As someone who takes a very keen interest in branded content, I’m calling 2014 as the year that marketers seemed to finally ‘get’ what form of video content people like to watch. What a year it was with memorable campaigns like #worldstoughestjob, First Kiss and #likeagirl racking up views to rival even the most popular cat videos.
And for those who’ve not yet worked it out, it is time to start worrying. According to Deloitte’s Media Consumer Survey we are now at the tipping point where using the Internet for entertainment is about to eclipse watching TV as the preferred source of entertainment. According to Cisco, by 2017 video will account for 69% of all consumer internet traffic, and video-on-demand traffic alone will have almost trebled.
There’s been a lot debate about the optimal length of branded content online, with opinion ranging from ‘keep it short as that’s how people consume content’, to ‘if it is engaging people will watch it no matter what the length’.

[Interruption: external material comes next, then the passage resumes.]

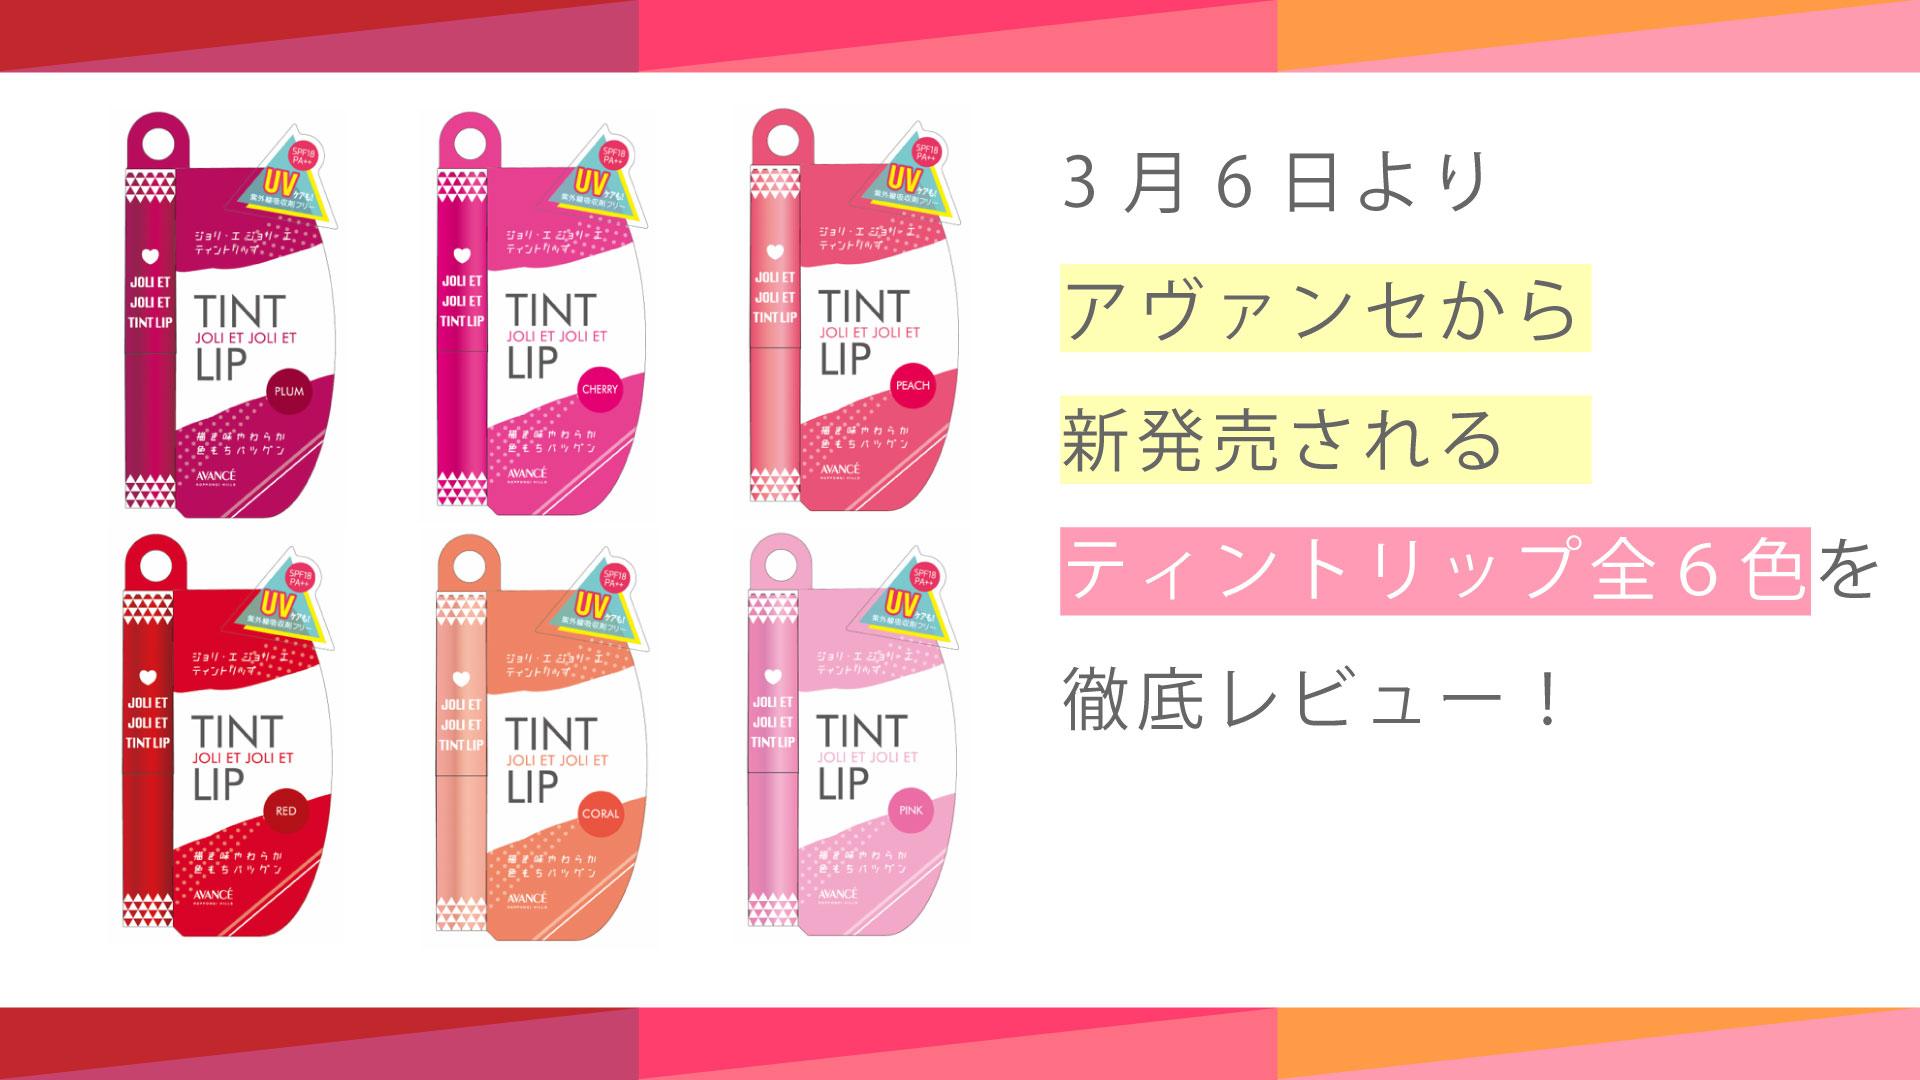 【2分で色味をチェック!】アヴァンセからプチプラティントリップが全6色展開で新発売のサムネイル

According to YouTube, the average length of the top 10 YouTube ads that Aussies watched in 2014 was three and half minutes. But that in itself is deceptive.
There are two important measures for us all to be aware of – video view counts and video completion rates. When evaluating how compelling and effective a brand’s message is, completion rates matter. Video views simply measure the content people think seems interesting, whereas video completion denotes the content people actually enjoyed watching. That’s the one to watch, especially when you consider that a lot of branded content does not even reveal the brand till the end of the video. And analytics show that very few watch even the most engaging video to the end.
Attention spans are growing shorter and shorter, and if you are talking to Gen Z you’ve got 8 seconds!